Oleh: Sudarnoto Abdul Hakim
Wakil Ketua Majelis Dikti Litbang PP Muhammadiyah
Usai menghadiri dan menyampaikan sambutan pada acara pelantikan para wakil rektor Universitas Muhammadiyah Jember mewakili Majelis Dikti Litbang PPM belum lama Ini, pada malam harinya, penulis diminta menjadi nara sumber pada acara dialog/pengajian seputar ideologi Muhammadiyah.
Acara yang digagas oleh rektor UM Jember, Dr Hazmi ini, diikuti oleh dosen-dosen AIK, pimpinan universitas, pimpinan ranting, ortom, termasuk IMM. Ini tradisi yang sangat baik tidak saja karena formal pengajiannya, akan tetapi juga karena melalui forum-forum seperti inilah attachment atau pertautan baik secara personal kelembagaan maupun ideologis warga persyarikatan dengan Muhammadiyah bisa memperoleh penguatan.
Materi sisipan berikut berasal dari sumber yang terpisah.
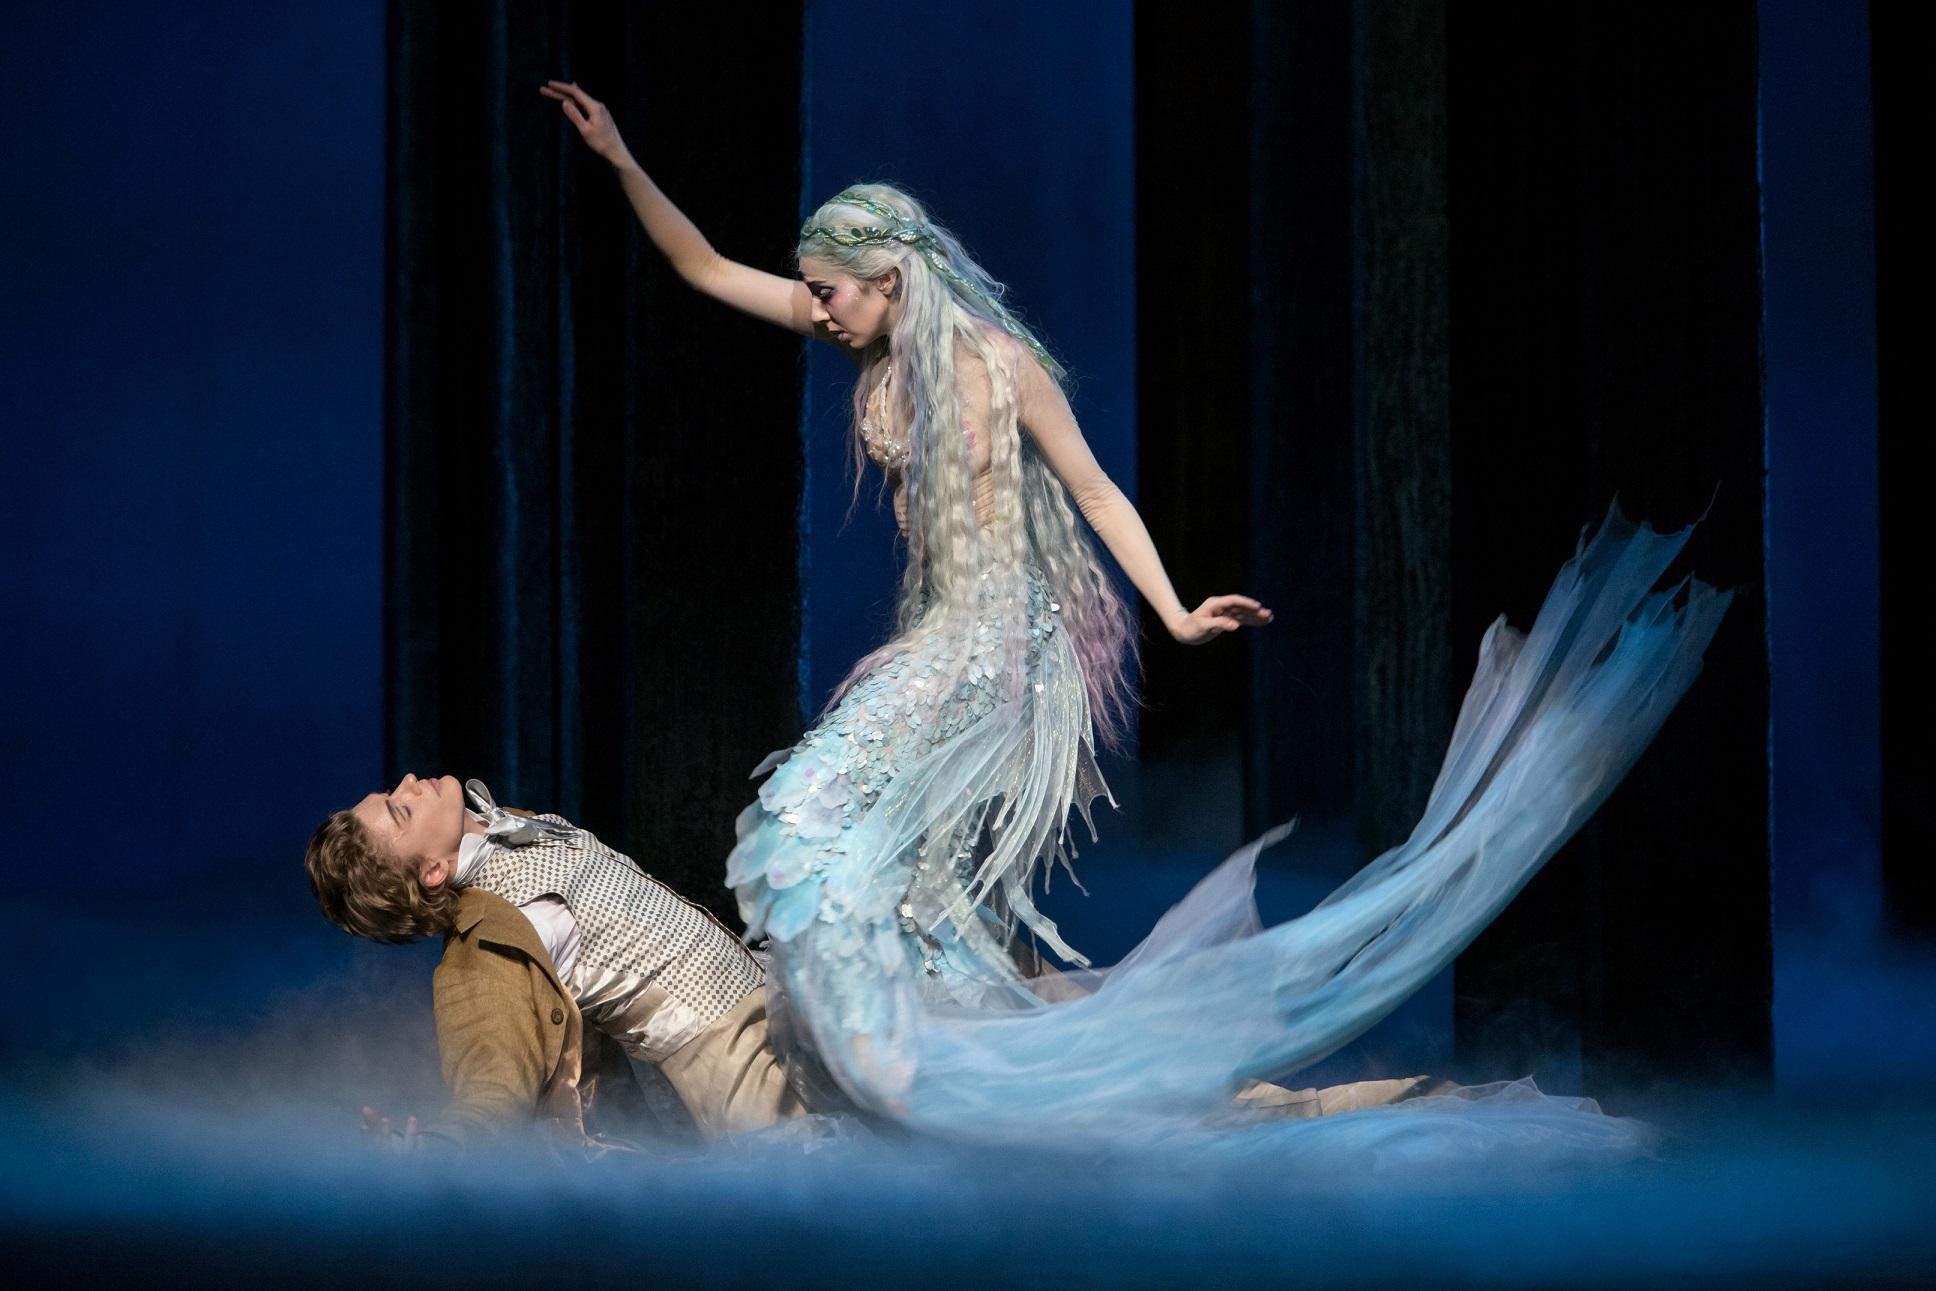 Kenneth Greven Pieni merenneito -baletti Kansallioopperassa. Kuvassa: Sergei Popov ja Tiina Myllymäki. Kuva: Sakari Viita

State of mind atau alam pikiran dan spirit kepejuangan Tajdidi dan Tanwiri Muhammadiyah terwariskan secara terus menerus dari satu generasi ke generasi berikutnya.
Sekali lagi, spirit menyediakan diri untuk menjadi bagian dari gerakan civil society Islam terbesar di dunia dan tertua yang sudah melebihi satu abad ini menjadi sangat penting, historis dan monumental apalagi dalam konteks pengarusutamaan Islam Rahmatan Lil Alamin dan kebangsaan kita.
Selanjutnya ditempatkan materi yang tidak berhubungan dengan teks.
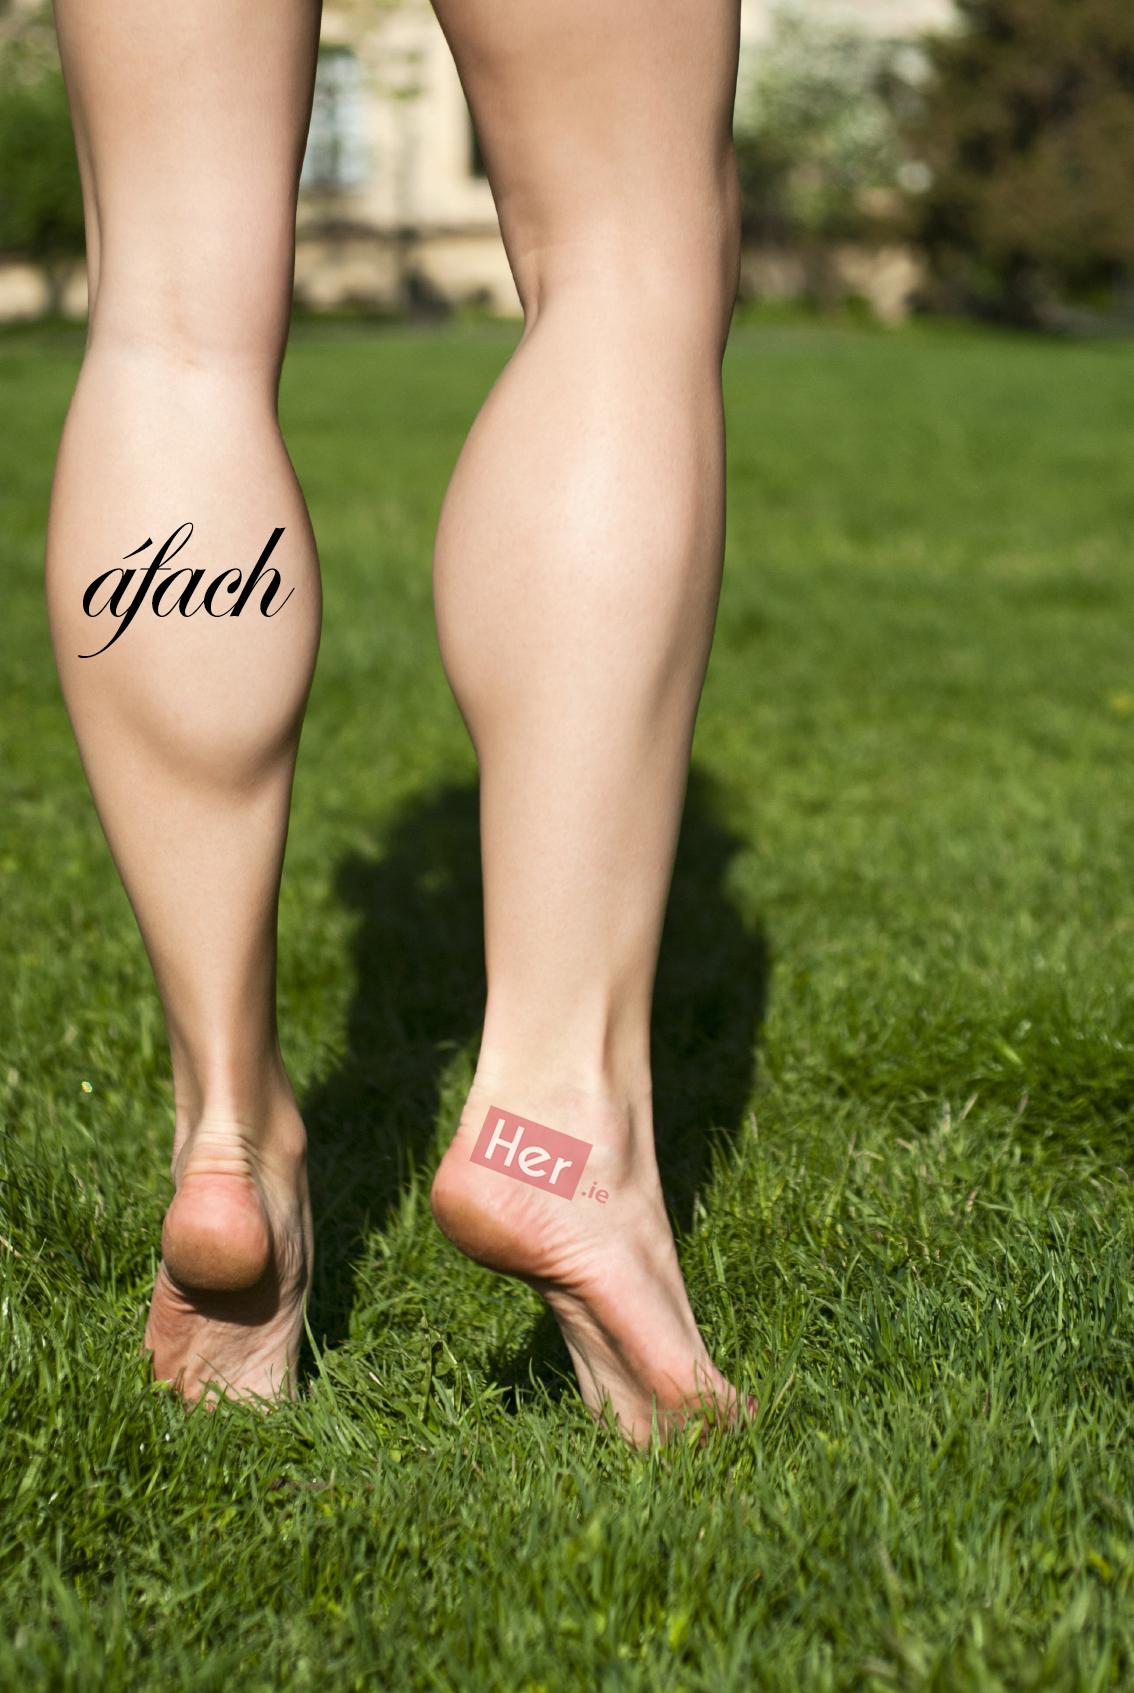 любви настолько девушка напрягла ноги фото живы, все

Ada beberapa hal yang menurut hemat penulis perlu mendapat perhatian serius oleh seluruh warga persyarikatan Muhammadiyah antara lain ialah:Pertama, corak pemahaman keislaman yang tidak terikat secara tradisional dengan satu madzhab tertentu.
Muhammadiyah memandang bahwa tradisi intelektual dan keagamaan yang dikembangkan oleh para Imam Madzhab adalah sebuah warisan yang sangat berharga menjadi pedoman praktis beragama masyarakat dan karena itu harus tetap dihormati.
Dalam realitasnya, warisan Madzhab keislaman misalnya dalam bidang-bidang Fiqih, Kalam/Teologi dan Akhlaq/Tasawuf memang berkembang dan menjadi rujukan sangat penting bagi masyarakat Islam di berbagai tempat/negara termasuk di Indonesia. Jadi, corak keberislaman masyarakat Islam ini memang Madzhabi.
Muhammadiyah telah memposisikan dirinya sebagai gerakan Tajdid yang secara terus menerus mengembangkan tafsir atau pemahaman terhadap sumber-sumber keislaman secara lebih rasional, liberatif dan menggerakkan/transformatif tidak terikat oleh satu Madzhab keislaman tertentu.
Karena itu dalam Istinbatul Hukum, misalnya, Muhammadiyah melalui Majelis Tarjih menggali dan merujuk kepada dua sumber penting yaitu sumber-sumber klasik lintas madzhab keislaman dan ilmu pengetahuan (science) modern selain tentunya Al-Qur’an.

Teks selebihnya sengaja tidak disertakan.